Bisnis.com, JAKARTA — Sepanjang 2024, rencana kenaikan tarif pajak pertambahan nilai atau PPN menjadi 12% menjadi perbincangan panas. Pemerintah sempat memberi sinyal penundaan penerapan PPN 12% pada tahun depan, meski akhirnya tetap diterapkan dengan sejumlah insentif fiskal.
Kenaikan tarif PPN dari 11% menjadi 12% pada 1 Januari 2025 sendiri sudah menjadi amanat Pasal 7 ayat (1) Undang-Undang Nomor 7/2021 tentang Harmonisasi Peraturan Perpajakan (UU HPP).
Hanya saja, sepanjang 2024, terjadi indikasi penurunan daya beli masyarakat. Contohnya, terjadi deflasi dalam lima bulan berurut-urut yaitu yaitu pada Mei (0,03%), Juni (0,08%), Juli (0,18%), Agustus (0,03%), dan September (0,12%).
Tidak hanya itu, pertumbuhan konsumsi rumah tangga juga cenderung stagnan—bahkan selalu berada di bawah angka pertumbuhan ekonomi. Perinciannya pada Kuartal IV/2023: pertumbuhan ekonomi mencapai 5,04% (year on year/YoY), sementara pertumbuhan konsumsi rumah tangga hanya 4,46% (YoY).
Pada Kuartal I/2024: pertumbuhan ekonomi mencapai 5,11% (YoY), sementara pertumbuhan konsumsi rumah tangga hanya 4,91% (YoY).
Pada Kuartal II/2024: pertumbuhan ekonomi mencapai 5,05% (YoY), sementara pertumbuhan konsumsi rumah tangga hanya 4,93% (YoY).
Terakhir pada Kuartal III/2024: pertumbuhan ekonomi mencapai 4,95% (YoY), sementara pertumbuhan konsumsi rumah tangga hanya 4,91% (YoY).
Oleh sebab itu, banyak pakar yang meminta pemerintah agar memikirkan ulang penerapan tarif PPN 12% pada tahun depan. Ditakutkan, kenaikan PPN yang berdampak ke kenaikan harga barang/jasa akan semakin buat daya beli masyarakat semakin menurun.
Apalagi, konsumsi rumah tangga masih menjadi kontributor utama pertumbuhan ekonomi Indonesia. Data terakhir dari Badan Pusat Statistik menunjukkan konsumsi rumah tangga mendistribusikan 53,08% dari produk domestik bruto (PDB) pada Kuartal III/2024.
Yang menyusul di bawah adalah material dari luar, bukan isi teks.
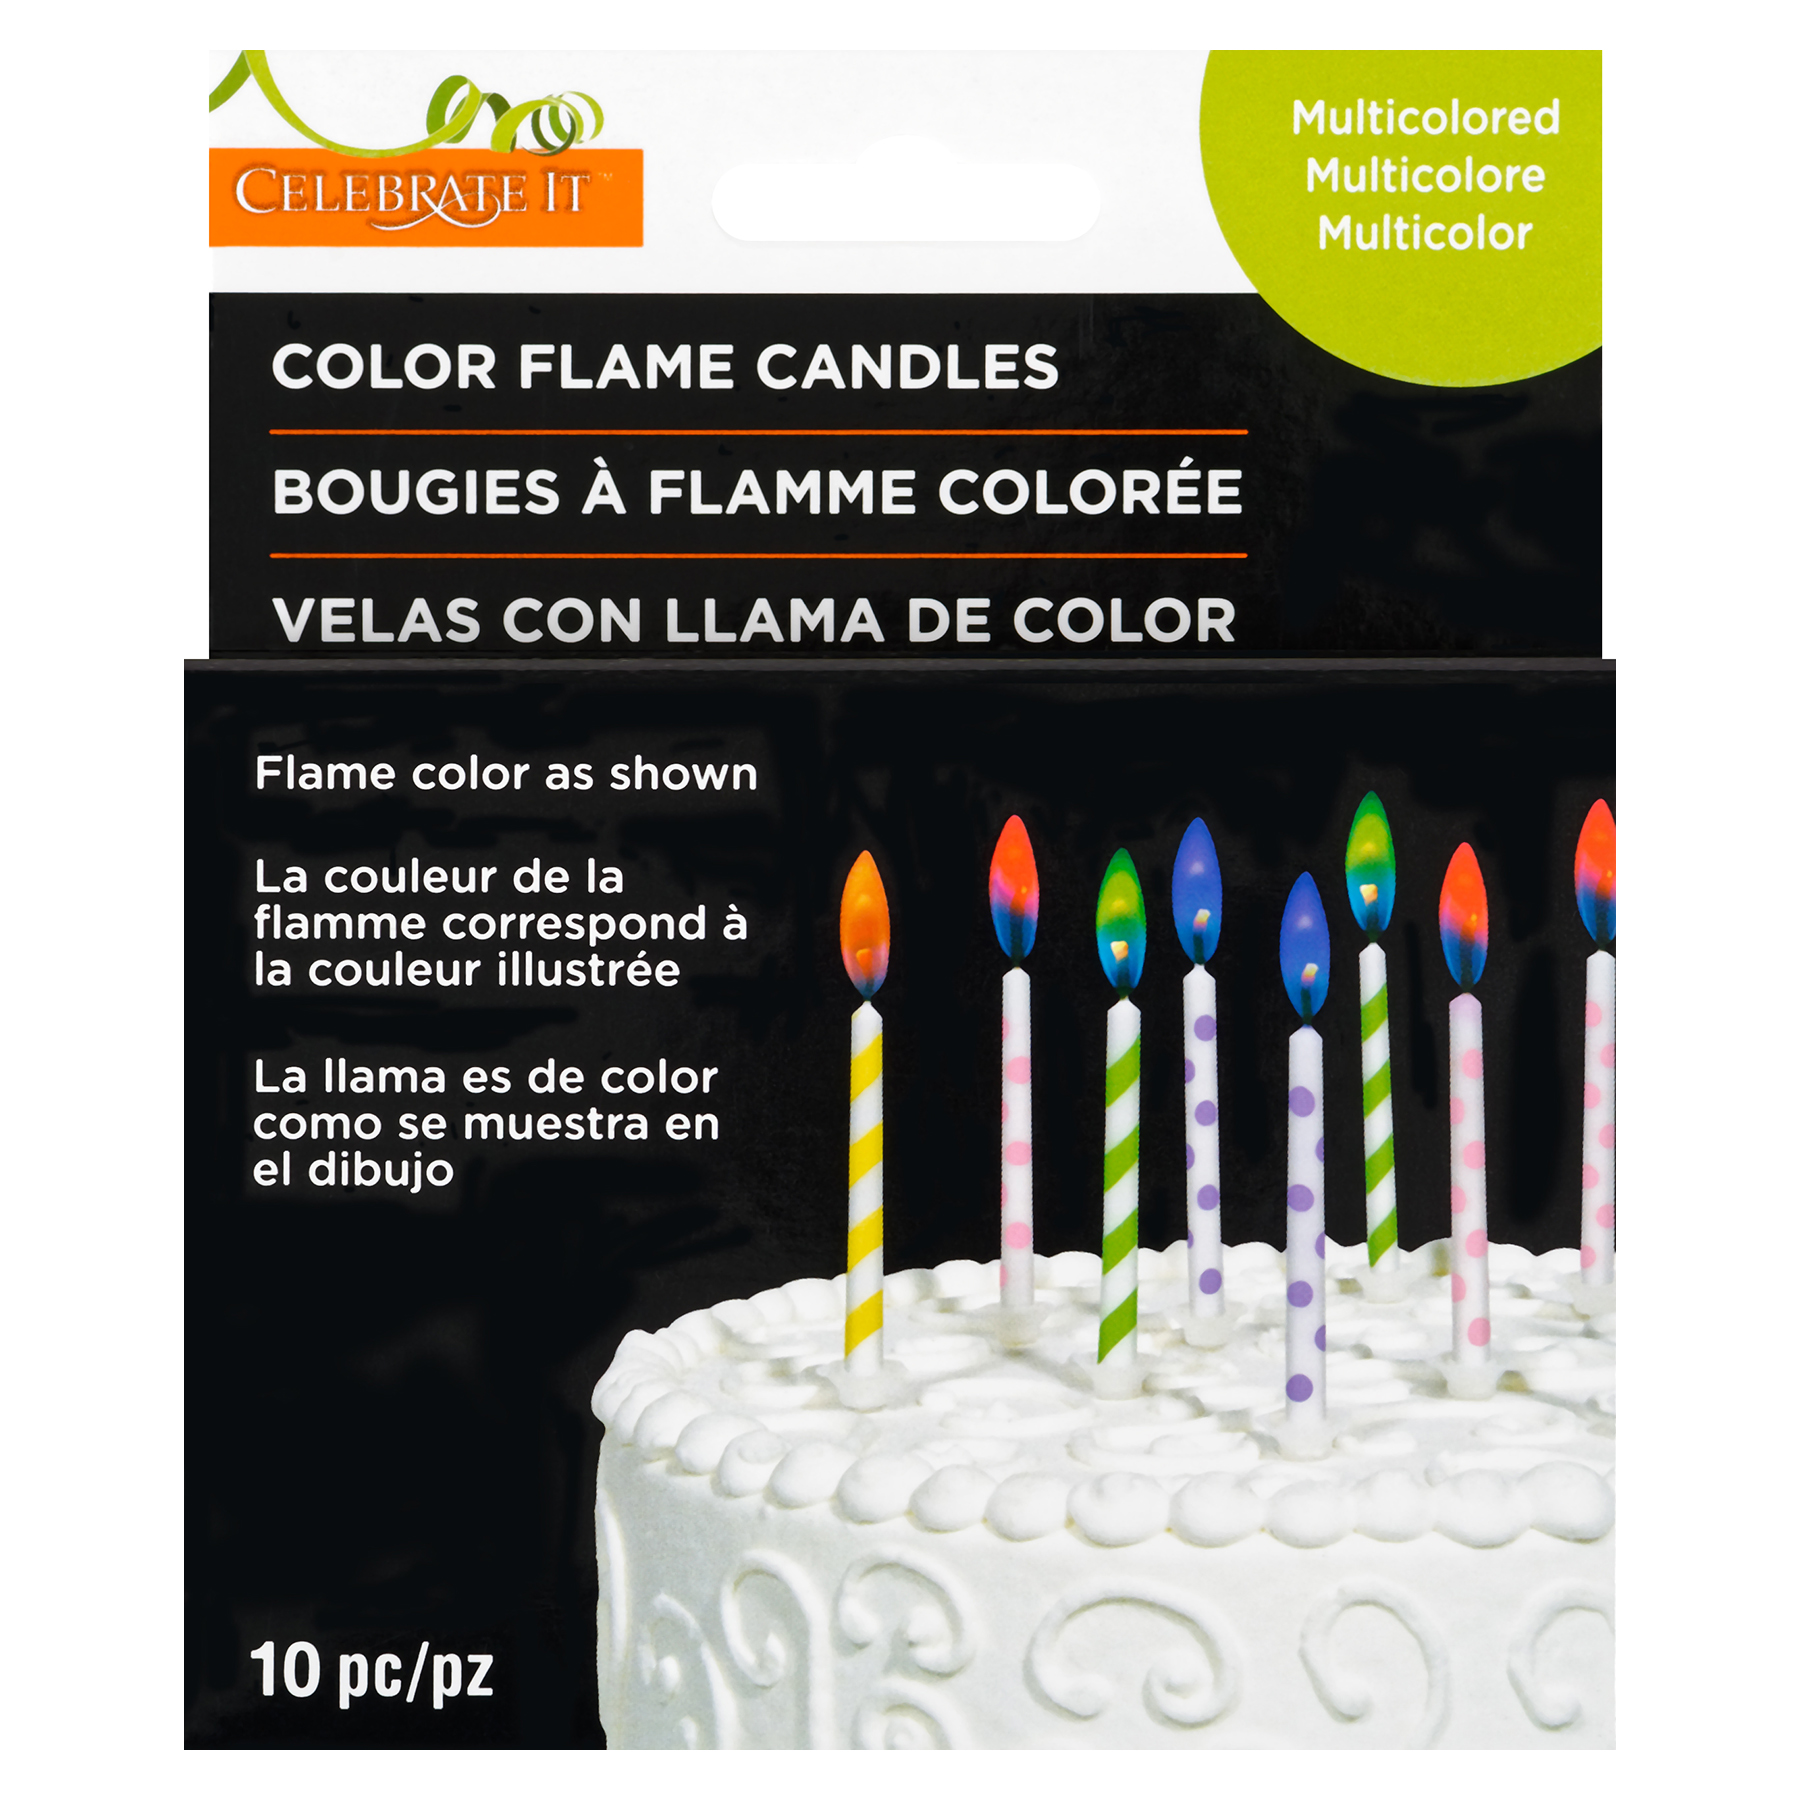 Image result for celebrate it color flame candles

Pemerintah paham betul akan hal tersebut. Tampak terjadi perdebatan di kalangan pembuat kebijakan ihwal penerapan PPN 12%: antara menunda untuk menjaga daya beli masyarakat atau melanjutkan agar mengerek penerimaan pajak sehingga bisa biaya berbagai program pemerintahan baru.
Maju Mundur
Perdebatan penerapan PPN 12% sendiri mulai memanas usai hasil Pilpres 2024 mulai terlihat. Menteri Koordinator Bidang Perekonomian Airlangga Hartarto sempat menyatakan amat UU HPP akan tetap dilanjutkan oleh Presiden terpilih Prabowo, sesuai jargonnya yakni Keberlanjutan.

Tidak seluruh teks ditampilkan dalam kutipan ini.